如何进行F检验以检查Python中两个向量的方差是否相等?
例如,如果我有
a = [1,2,1,2,1,2,1,2,1,2]
b = [1,3,-1,2,1,5,-1,6,-1,2]
有类似于
的东西scipy.stats.ttest_ind(a, b)
我找到了
sp.stats.f(a, b)
但它似乎与F-test不同
答案 0 :(得分:31)
对于等方差的检验统计量F检验很简单:
F = Var(X) / Var(Y)
F
分配为df1 = len(X) - 1, df2 = len(Y) - 1
scipy.stats.f
有一个CDF方法。这意味着您可以为给定的统计信息生成p值,并测试该p值是否大于您选择的alpha级别。
因此:
alpha = 0.05 #Or whatever you want your alpha to be.
p_value = scipy.stats.f.cdf(F, df1, df2)
if p_value > alpha:
# Reject the null hypothesis that Var(X) == Var(Y)

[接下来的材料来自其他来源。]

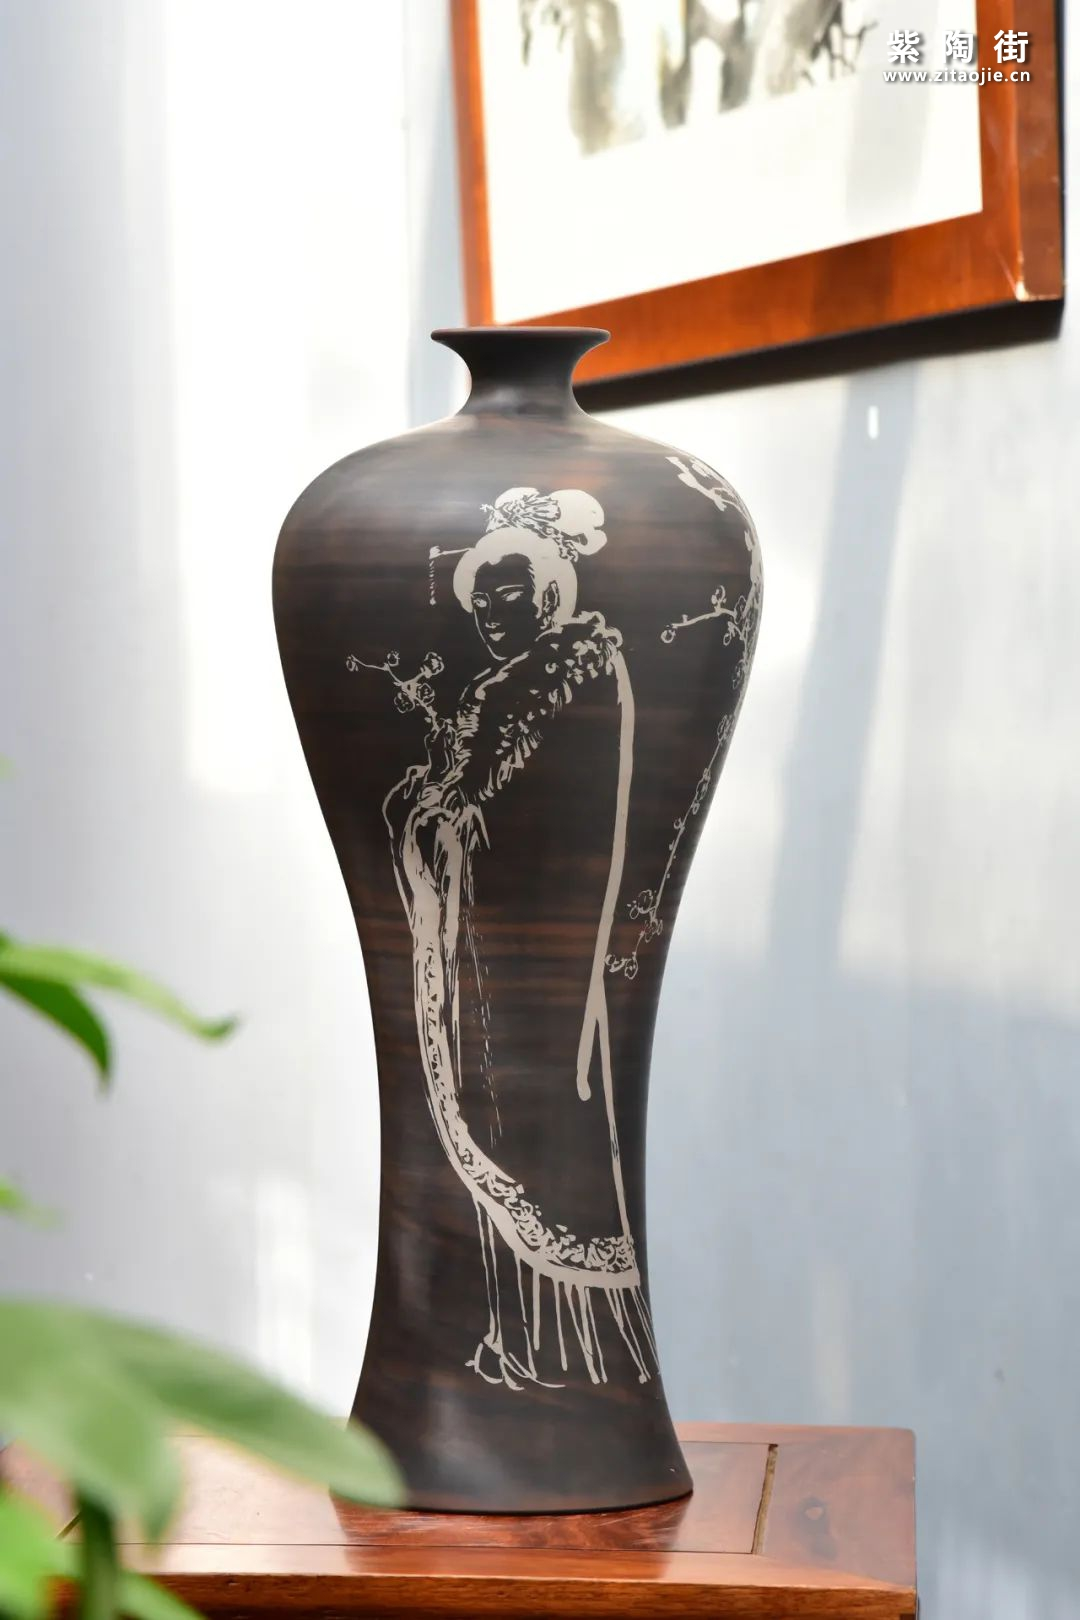 常见的几种建水紫陶瓶型插图5

请注意,F测试对X和Y的非正态性非常敏感,因此除非您是Levene's test或Bartlett's test,否则最好还是进行更强大的测试,例如Bartlett's test或Levene's test合理地确定X和Y是正常分布的。这些测试可以在scipy
api:
答案 1 :(得分:5)
要做单向anova,你可以使用
import scipy.stats as stats
stats.f_oneway(a,b)
Anova检查组之间的方差是否大于组内方差的一种方法,并计算使用F分布观察此方差比的概率。可以在这里找到一个很好的教程:
答案 2 :(得分:4)
对于那些来到这里寻找ANOVA F测试或比较模型进行特征选择的人
sklearn.feature_selection.f_classif
进行ANOVA测试,sklearn.feature_selection.f_regression
会对回归进行顺序测试答案 3 :(得分:1)
这是一个使用 Python 和 SciPy 计算单边或双边 F 检验的简单函数。结果已根据 R 中 var.test()
函数的输出进行了检查。请记住其他答案中提到的关于 F 检验对非正态性的敏感性的警告。
import scipy.stats as st
def f_test(x, y, alt="two_sided"):
"""
Calculates the F-test.
:param x: The first group of data
:param y: The second group of data
:param alt: The alternative hypothesis, one of "two_sided" (default), "greater" or "less"
:return: a tuple with the F statistic value and the p-value.
"""
df1 = len(x) - 1
df2 = len(y) - 1
f = x.var() / y.var()
if alt == "greater":
p = 1.0 - st.f.cdf(f, df1, df2)
elif alt == "less":
p = st.f.cdf(f, df1, df2)
else:
# two-sided by default
# Crawley, the R book, p.355
p = 2.0*(1.0 - st.f.cdf(f, df1, df2))
return f, p
答案 4 :(得分:0)
如果需要进行两尾测试,则可以按以下步骤进行操作,我选择了alpha = 0.05:
a = [1,2,1,2,1,2,1,2,1,2]
b = [1,3,-1,2,1,5,-1,6,-1,2]
print('Variance a={0:.3f}, Variance b={1:.3f}'.format(np.var(a, ddof=1), np.var(b, ddof=1)))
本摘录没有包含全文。